Meet the Breed: Work It!
The active and attractive Australian Shepherd tackles any task with skill and joy.
Kim Campbell Thornton
When 19th-century American ranchers in what was then the Wild West imported hardy Australian sheep to improve their flocks, they got something extra. The sheep were accompanied by Basque shepherds who had immigrated to Australia; the shepherds brought along their talented canine aides de camp. The shepherds’ little blue herding dogs helped to change the face of the West. They developed into what is today known as the Australian Shepherd, a nod to their ancestors’ passage from the Antipodes.
Little is known of the history of the Australian Shepherd, which, despite its name, was developed in the American West, not Australia.

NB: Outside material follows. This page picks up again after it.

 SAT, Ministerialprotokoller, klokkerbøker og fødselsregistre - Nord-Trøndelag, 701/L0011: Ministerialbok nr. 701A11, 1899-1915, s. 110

Possible ancestors include longhaired, bobtailed collie-type dogs from Australia; sheepdogs from Germany imported to Australia and known there as German Koolies; and herding dogs brought by Basque shepherds who came to work in the United States both before and after World War II. The dogs that became what we now know as the Australian Shepherd were selected for their working ability, not their bloodlines, so their history is as patched as their coats.
For farm and fun
At most any farm, ranch, rodeo or horse show, the Australian Shepherd could be found helping to drive and round up livestock, loading horses into chutes and trailers, and performing just about any chore that didn’t require opposable thumbs, including fetching, carrying and pulling. The breed’s moderate size, versatility and trainability made it an invaluable working dog, capable of herding ducks, geese, sheep, goats and all types of cattle.

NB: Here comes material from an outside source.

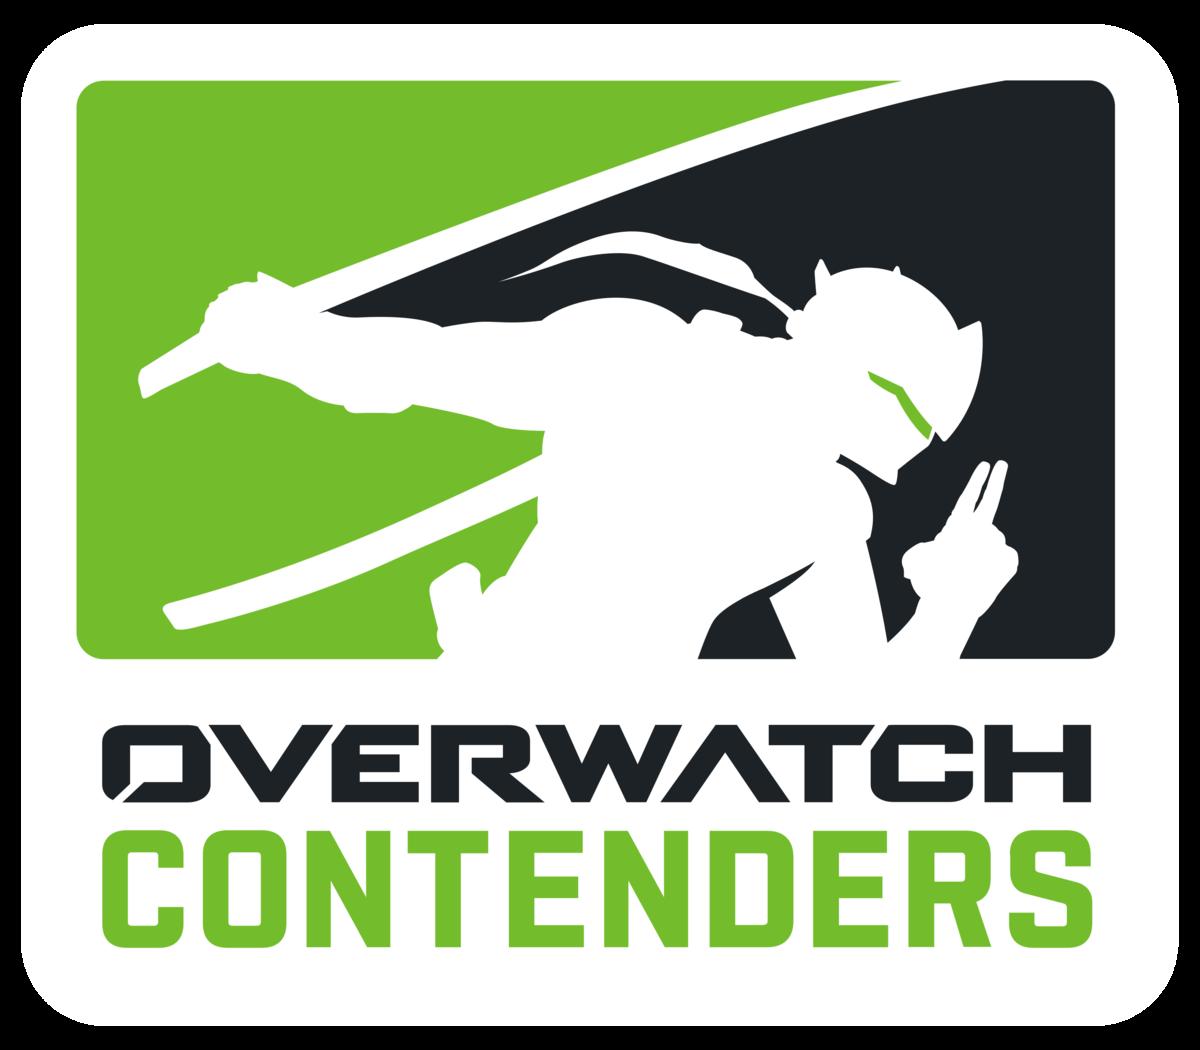 Overwatch Contenders 2019 Season 1: China

The Aussie’s intelligence also made it a great entertainer. In the 1950s and into the 1960s, Australian Shepherds Shorty and Queenie, trained by Jay Sisler, were part of Sisler’s performing-dog act, which included appearances at the Calgary Stampede and Madison Square Garden. They also starred in two Disney productions: Stub: The Best Cowdog in the West (1974) and Run, Appaloosa, Run (1966). Thanks to YouTube, Sisler and his dogs can still be seen performing amazing tricks, including jumping rope, doing handstands and playing leapfrog.

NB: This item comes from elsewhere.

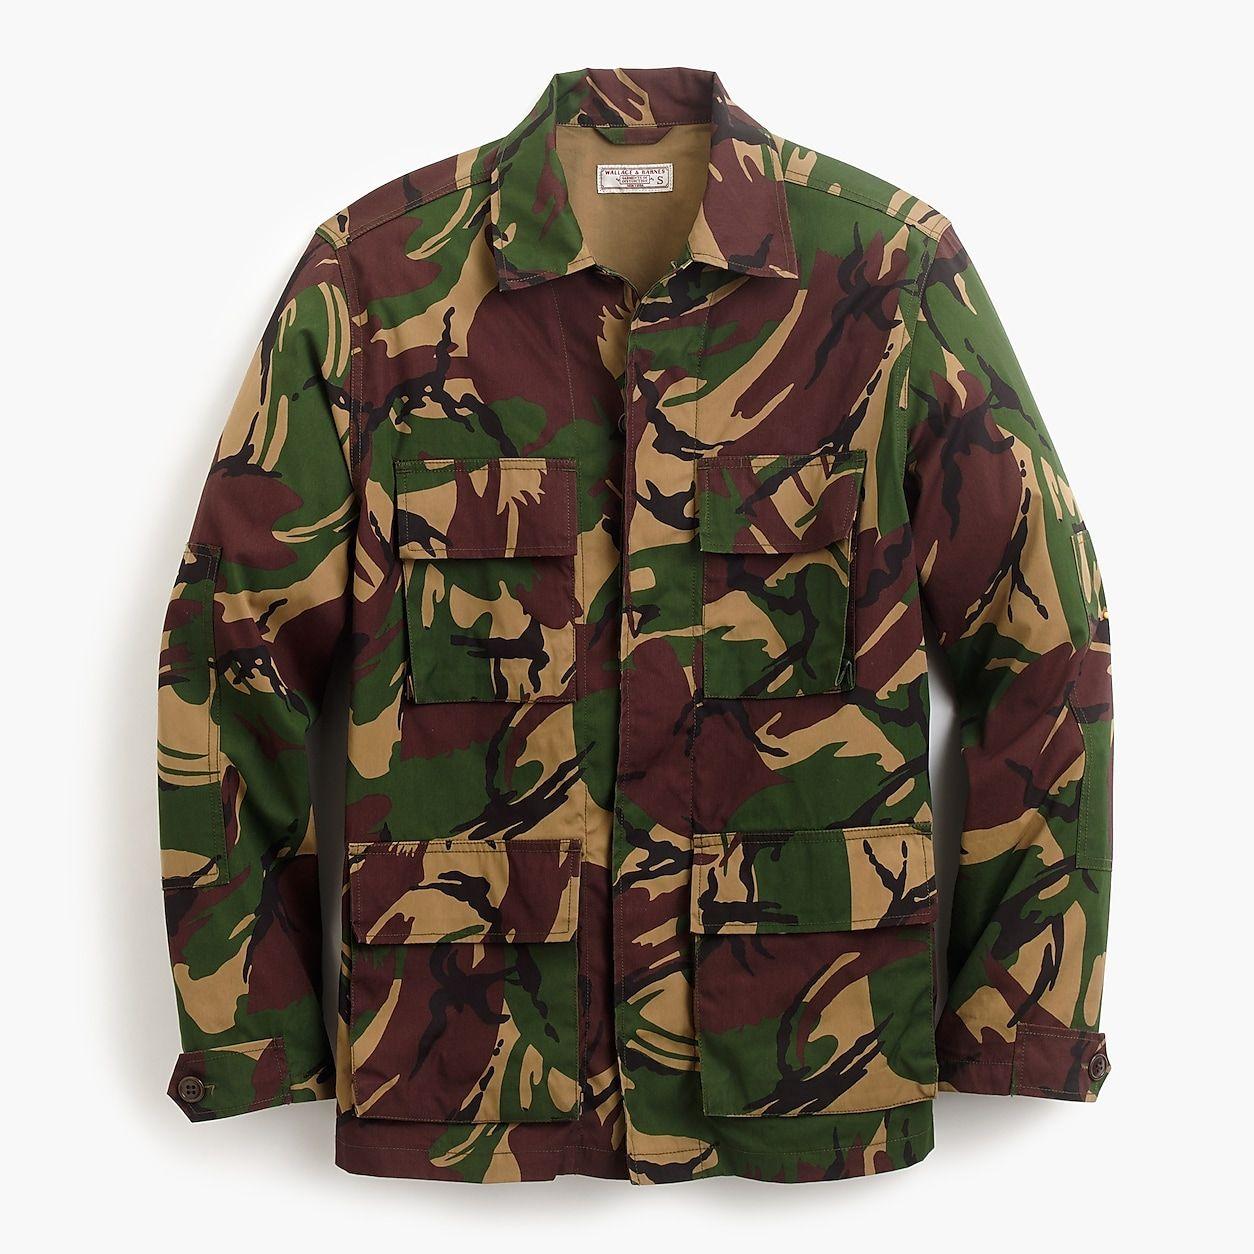 Wallace Barnes Lightweight Military Jacket In Camo Mens Military Style Jacket Military Jacket Military Field Jacket

An offshoot of the National Stockdog Registry, the Australian Shepherd Club of America was established in 1957 to register members of the breed. Today, it’s the largest single-breed registry in existence, with more than 165,000 dogs in its studbook. It also sanctions conformation shows and titles for ASCA-registered Aussies, and records points and titles for Aussies competing in ASCA agility, obedience, rally, tracking and stock dog events.